Why is this so much better? Reliability. If a worker crashes while processing an item, the message isn't acknowledged. The queue will eventually hand it to another, healthy worker to retry. If an item repeatedly fails, it can be shunted to a "dead-letter queue" for a human (you) to investigate, without stopping the entire batch.

Pro Tip: This architecture also scales beautifully. If 100 items per week becomes 10,000 items per hour, you don't rewrite the logic. You just deploy more worker instances (e.g., app-worker-02, app-worker-03, etc.) to burn through the queue faster.

Solution 3: The 'Nuclear' Option (The "Direct-to-DB" Method)

I'm almost hesitant to mention this one. This is the "break glass in case of fire" option for massive, one-off data migrations. The idea is to bypass your application's API and logic layers entirely and load the data directly into the database.

Most databases have hyper-optimized bulk-loading tools. For PostgreSQL, a database we use heavily, the command is \copy. You format your data into a perfect CSV or TSV file that exactly matches the target table's structure, ssh into a box that has access to the database (like an app server), and run:

psql -h prod-db-01 -U data_importer -d main_app -c "\copy products (id, name, description, created_at) FROM 'clean_data.csv' WITH (FORMAT CSV, HEADER);"

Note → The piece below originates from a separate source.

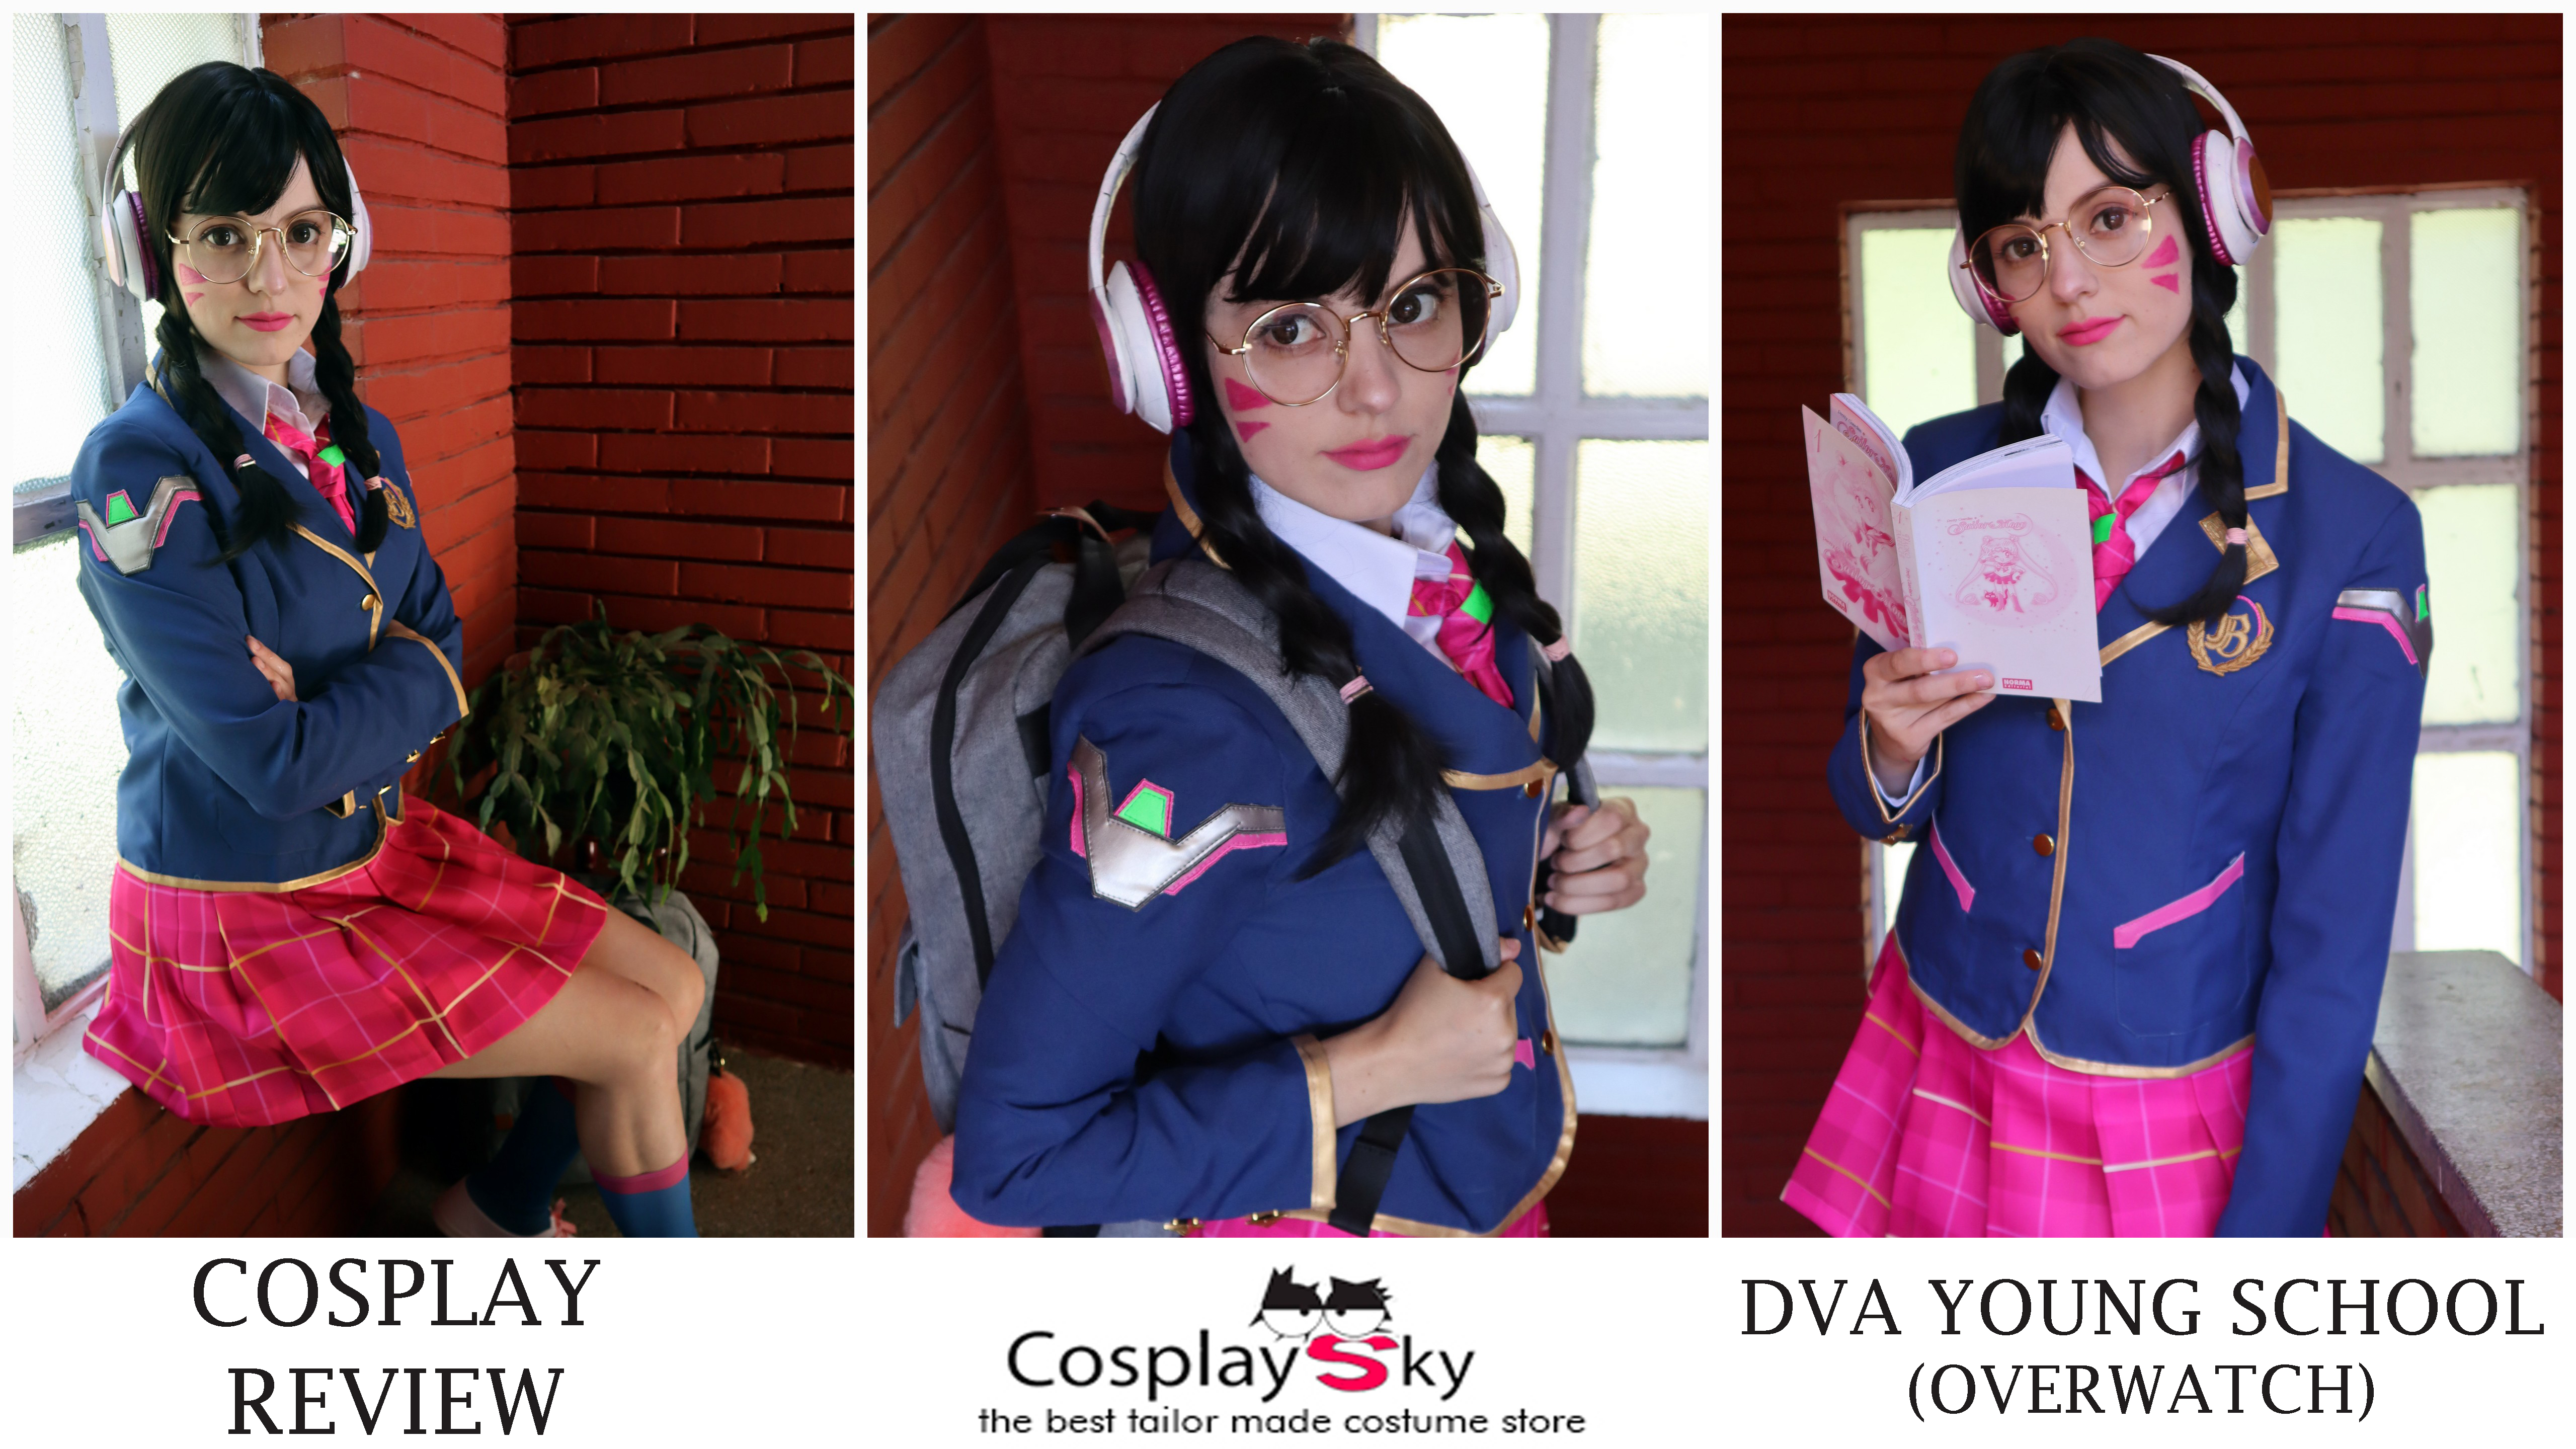 Cosplay Review: DVA young school from Cosplay Sky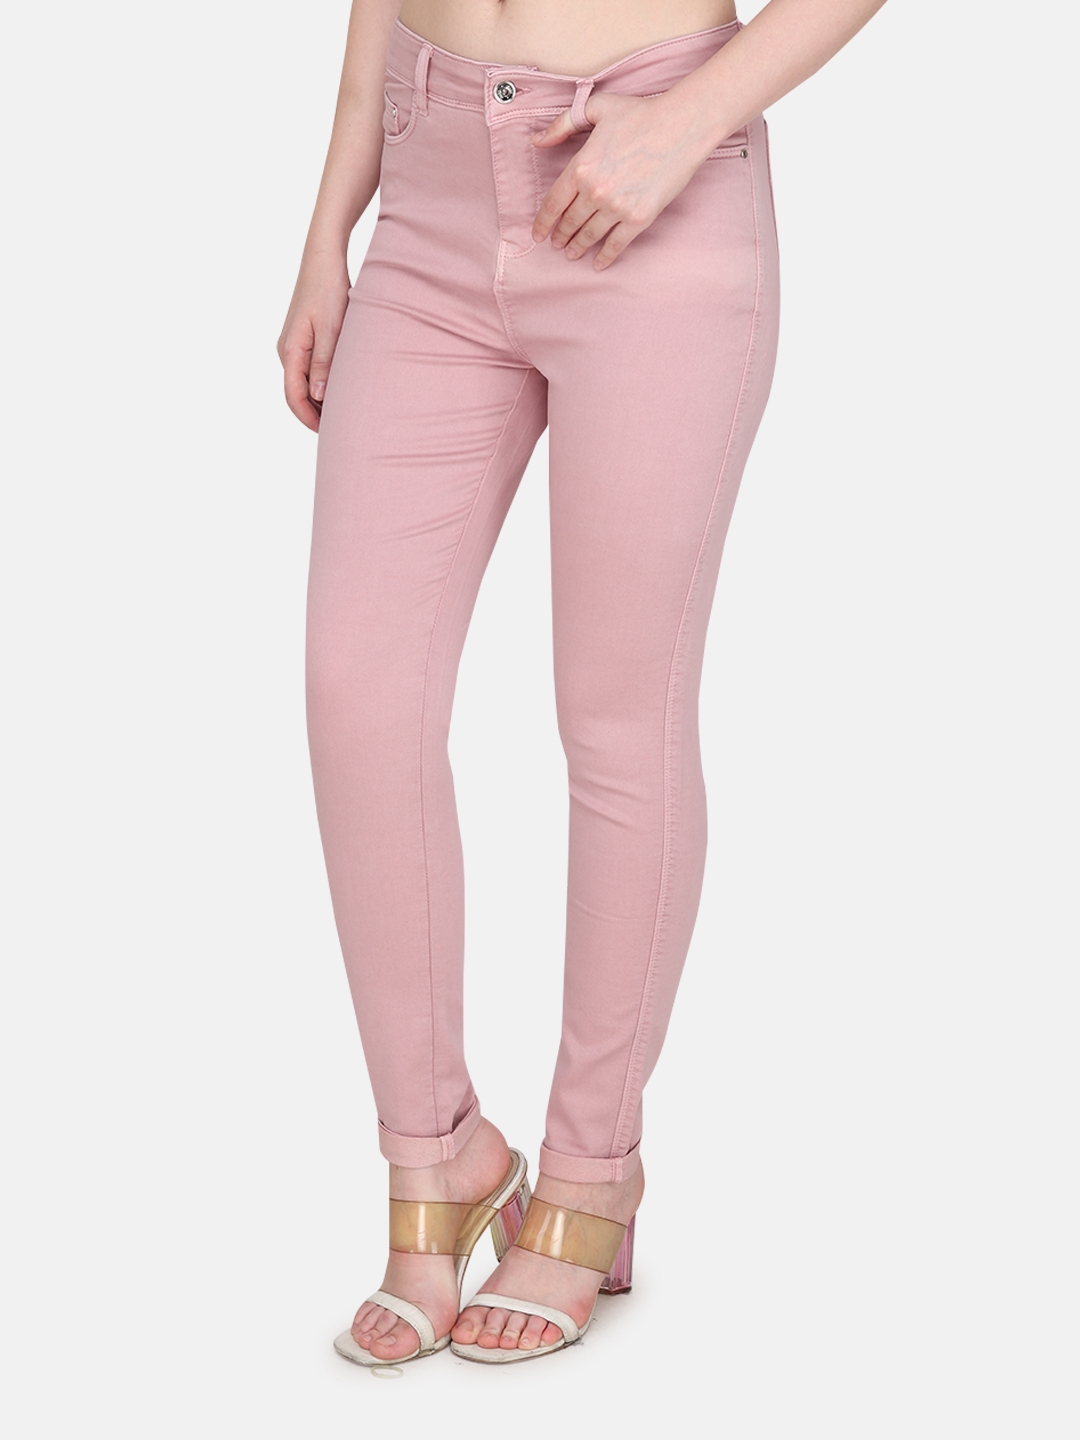 Albion | Albion By CnM Women Pink Denim Stretchable Jeans 1

This is breathtakingly fast. It can load millions of rows in minutes. But it is incredibly dangerous.

WARNING: This method bypasses every single piece of business logic, validation, and data transformation in your application. If your CSV has bad data, you are putting bad data directly into prod-db-01. There is no undo button. You only do this when you are 1000% certain of your data quality and the consequences.

Which One Should You Choose?

As with everything in engineering, the answer is "it depends." To make it simple, here's how I decide:

Method	Best For	Complexity	Reliability
1. The Quick Fix	Weekly, non-critical tasks run by a human.	Low	Low-Medium
2. The Permanent Fix	Automated, business-critical, high-volume workflows.	High	Very High
3. The 'Nuclear' Option	One-off, massive data migrations under expert supervision.	Medium	Depends entirely on you.

For someone listing vintage items weekly, start with the "Quick Fix." It will save you from the most common headaches. As your business grows and the cost of failure becomes higher, you'll have a clear path to investing in a proper job queue system. Just promise me you'll stay away from the nuclear option until you absolutely have to.